• **Work order**
Repeat, word for word, each of the records shown below, without their pictures.

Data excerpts
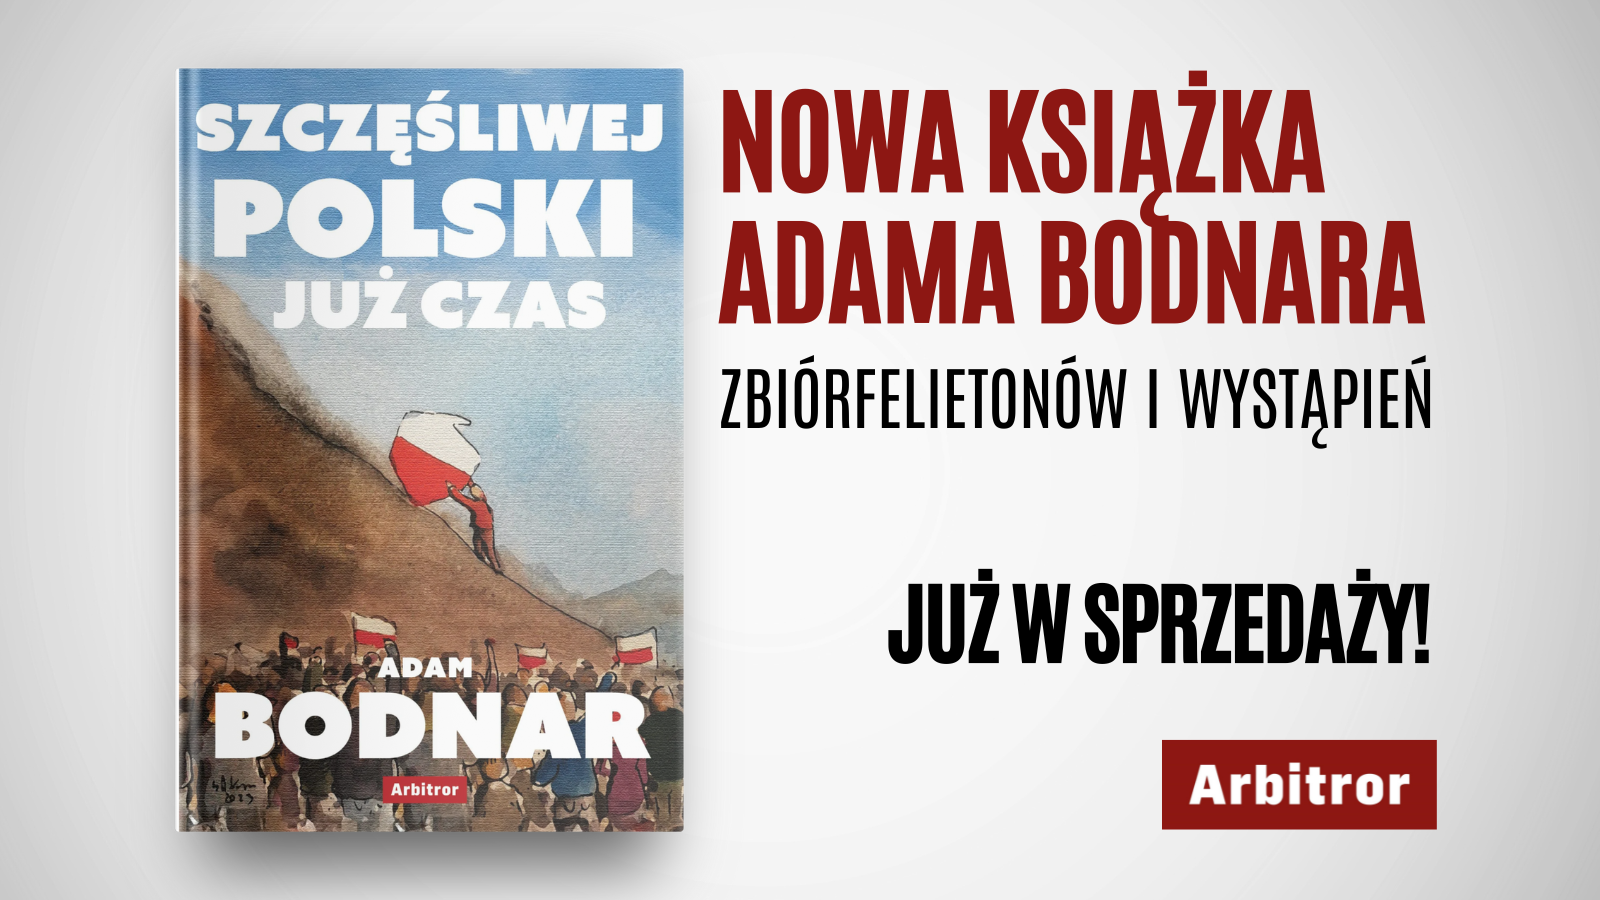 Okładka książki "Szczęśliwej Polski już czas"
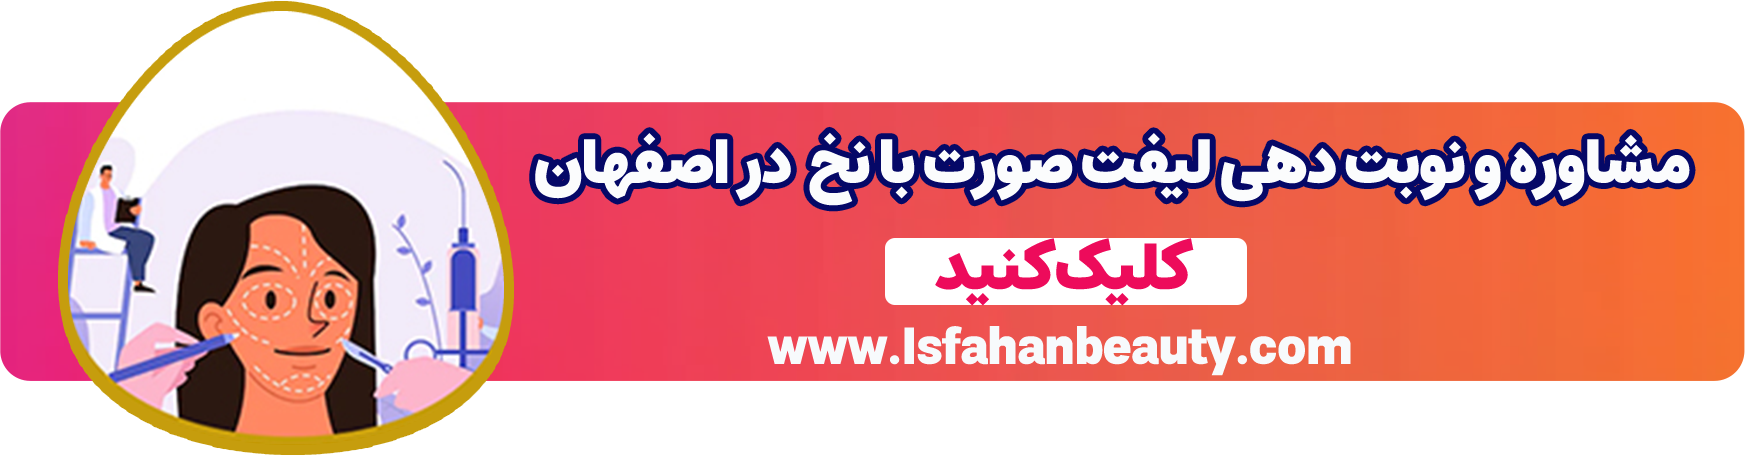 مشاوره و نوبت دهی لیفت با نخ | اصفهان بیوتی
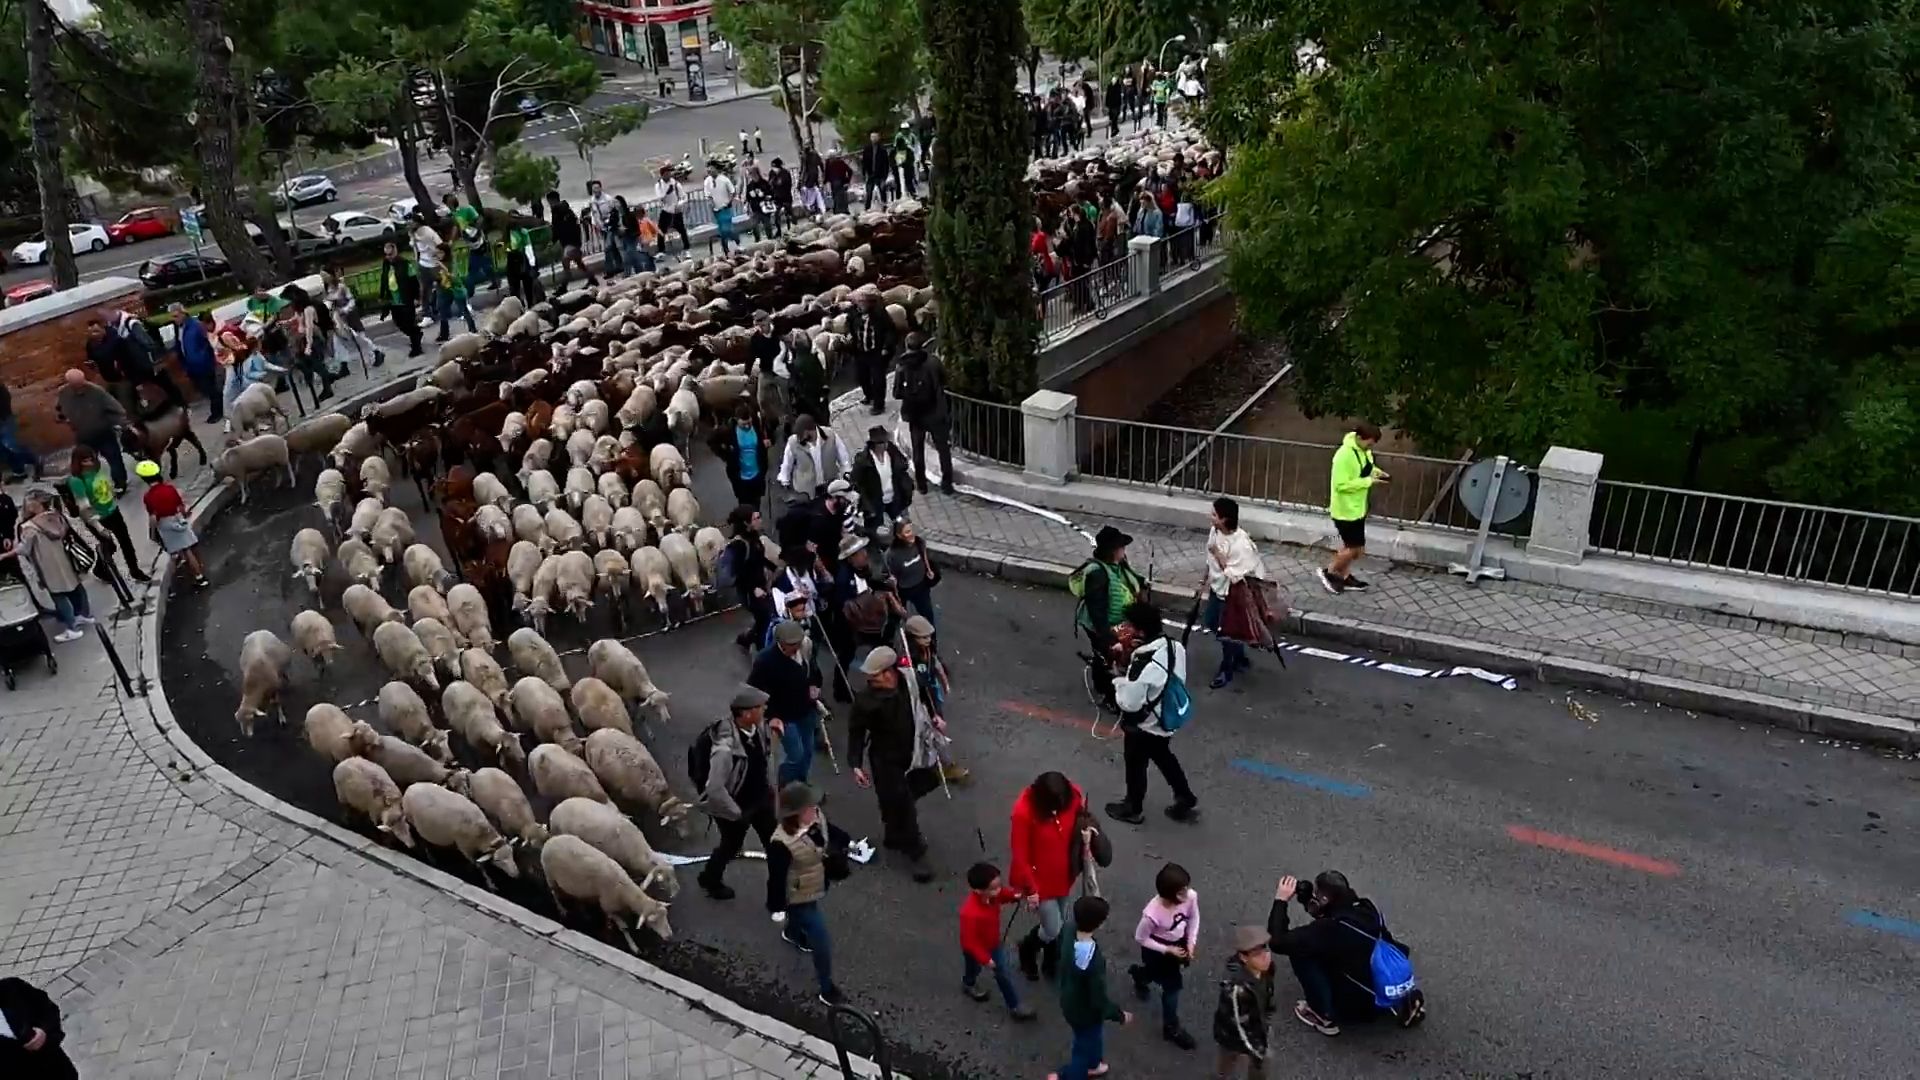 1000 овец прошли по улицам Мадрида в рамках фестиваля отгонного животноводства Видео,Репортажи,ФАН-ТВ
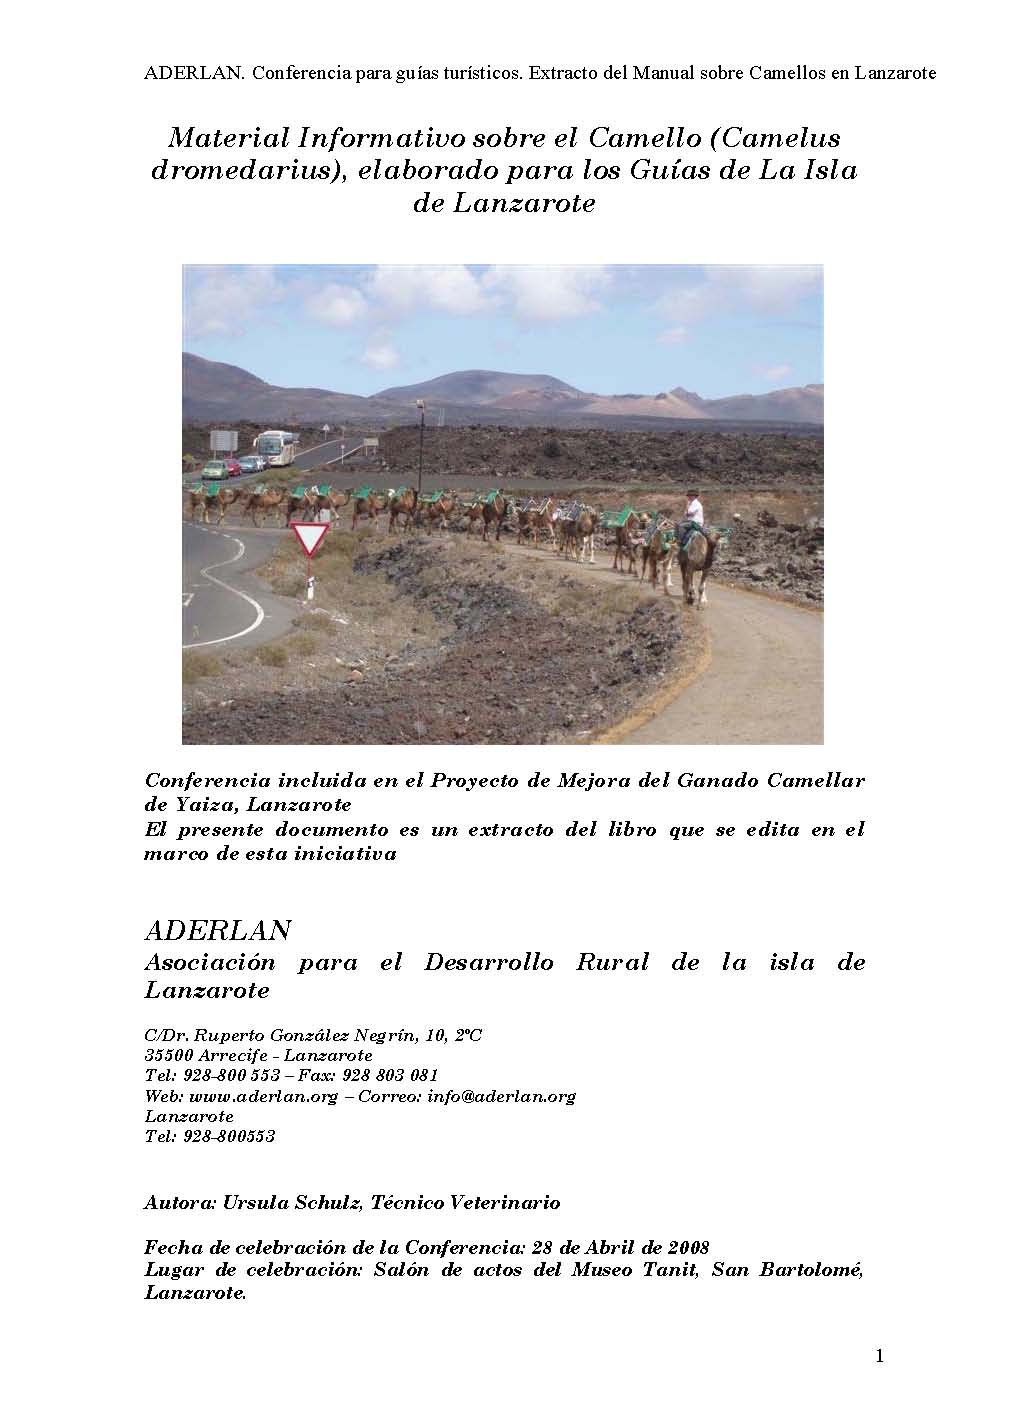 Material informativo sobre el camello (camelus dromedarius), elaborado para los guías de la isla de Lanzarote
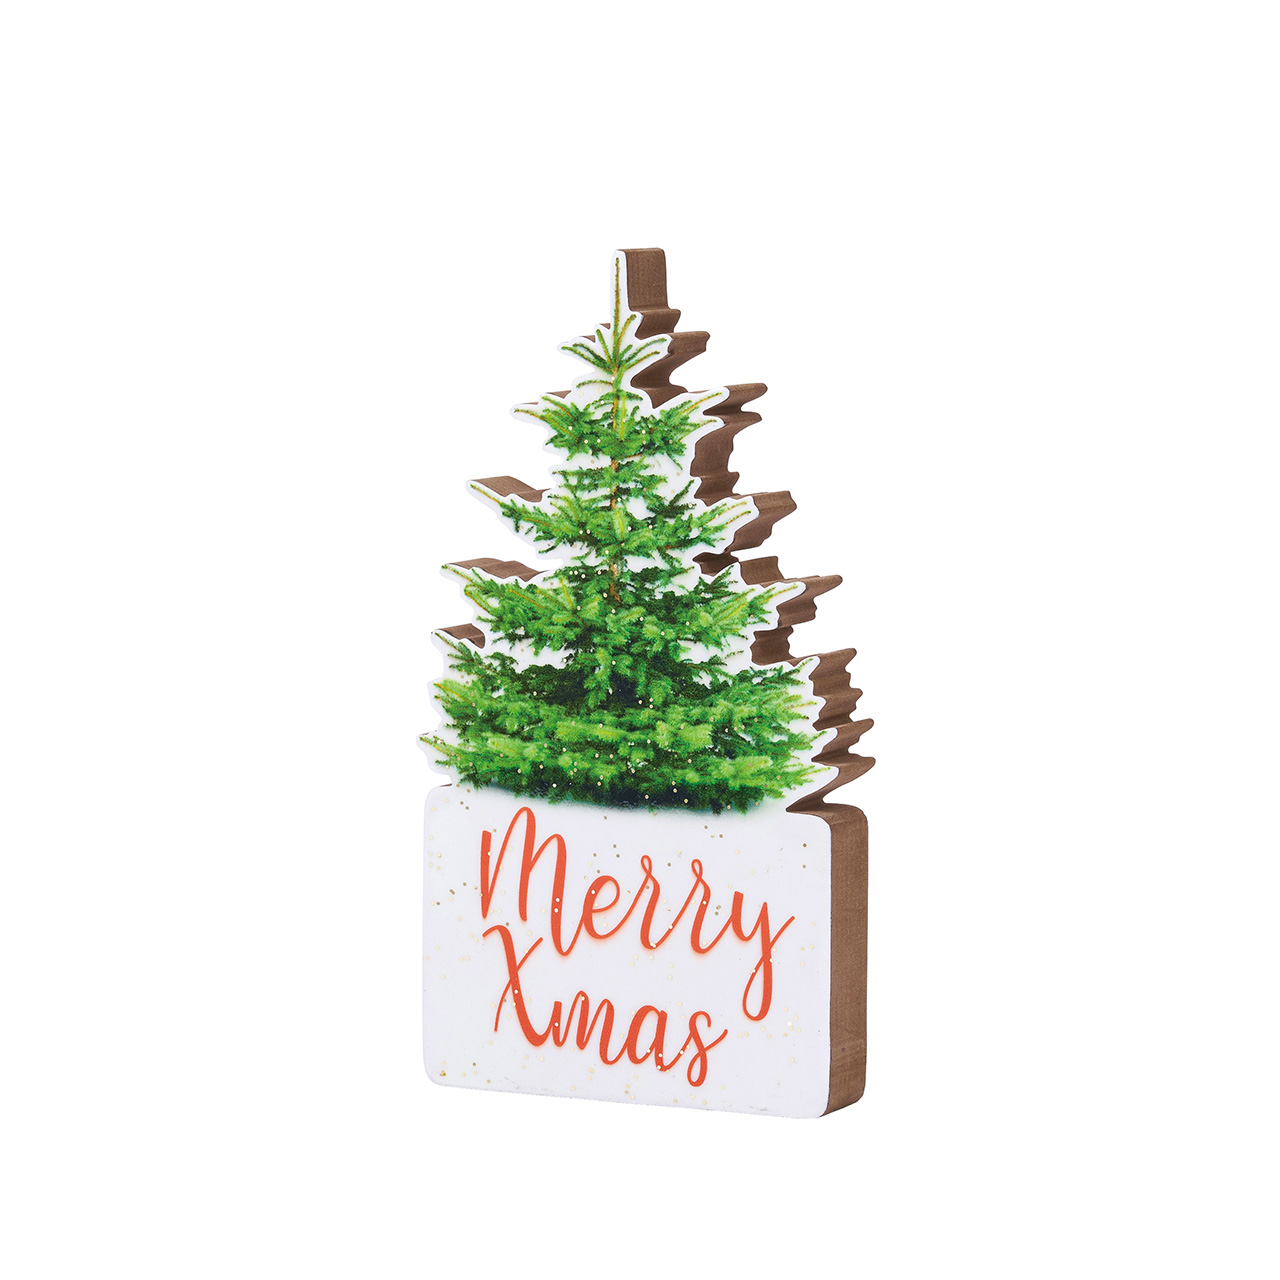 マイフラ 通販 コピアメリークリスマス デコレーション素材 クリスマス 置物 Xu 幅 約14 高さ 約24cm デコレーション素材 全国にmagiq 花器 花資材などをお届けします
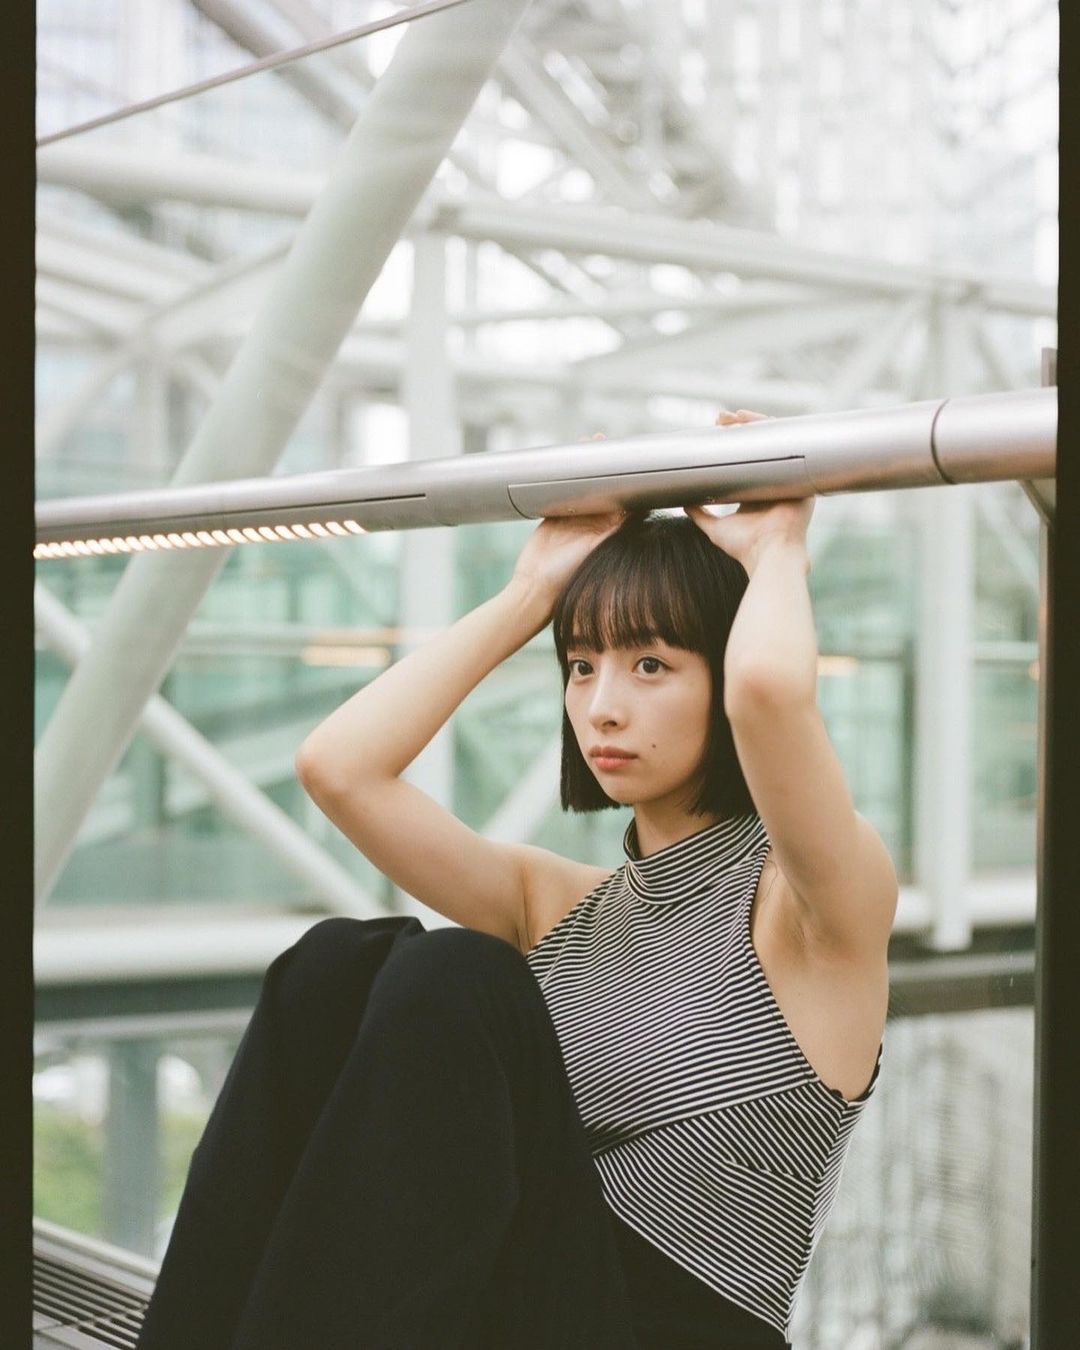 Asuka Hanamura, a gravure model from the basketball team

• **Answer below**
 Okładka książki "Szczęśliwej Polski już czas"
 مشاوره و نوبت دهی لیفت با نخ | اصفهان بیوتی
 1000 овец прошли по улицам Мадрида в рамках фестиваля отгонного животноводства Видео,Репортажи,ФАН-ТВ
 Material informativo sobre el camello (camelus dromedarius), elaborado para los guías de la isla de Lanzarote
 マイフラ 通販 コピアメリークリスマス デコレーション素材 クリスマス 置物 Xu 幅 約14 高さ 約24cm デコレーション素材 全国にmagiq 花器 花資材などをお届けします
 Asuka Hanamura, a gravure model from the basketball team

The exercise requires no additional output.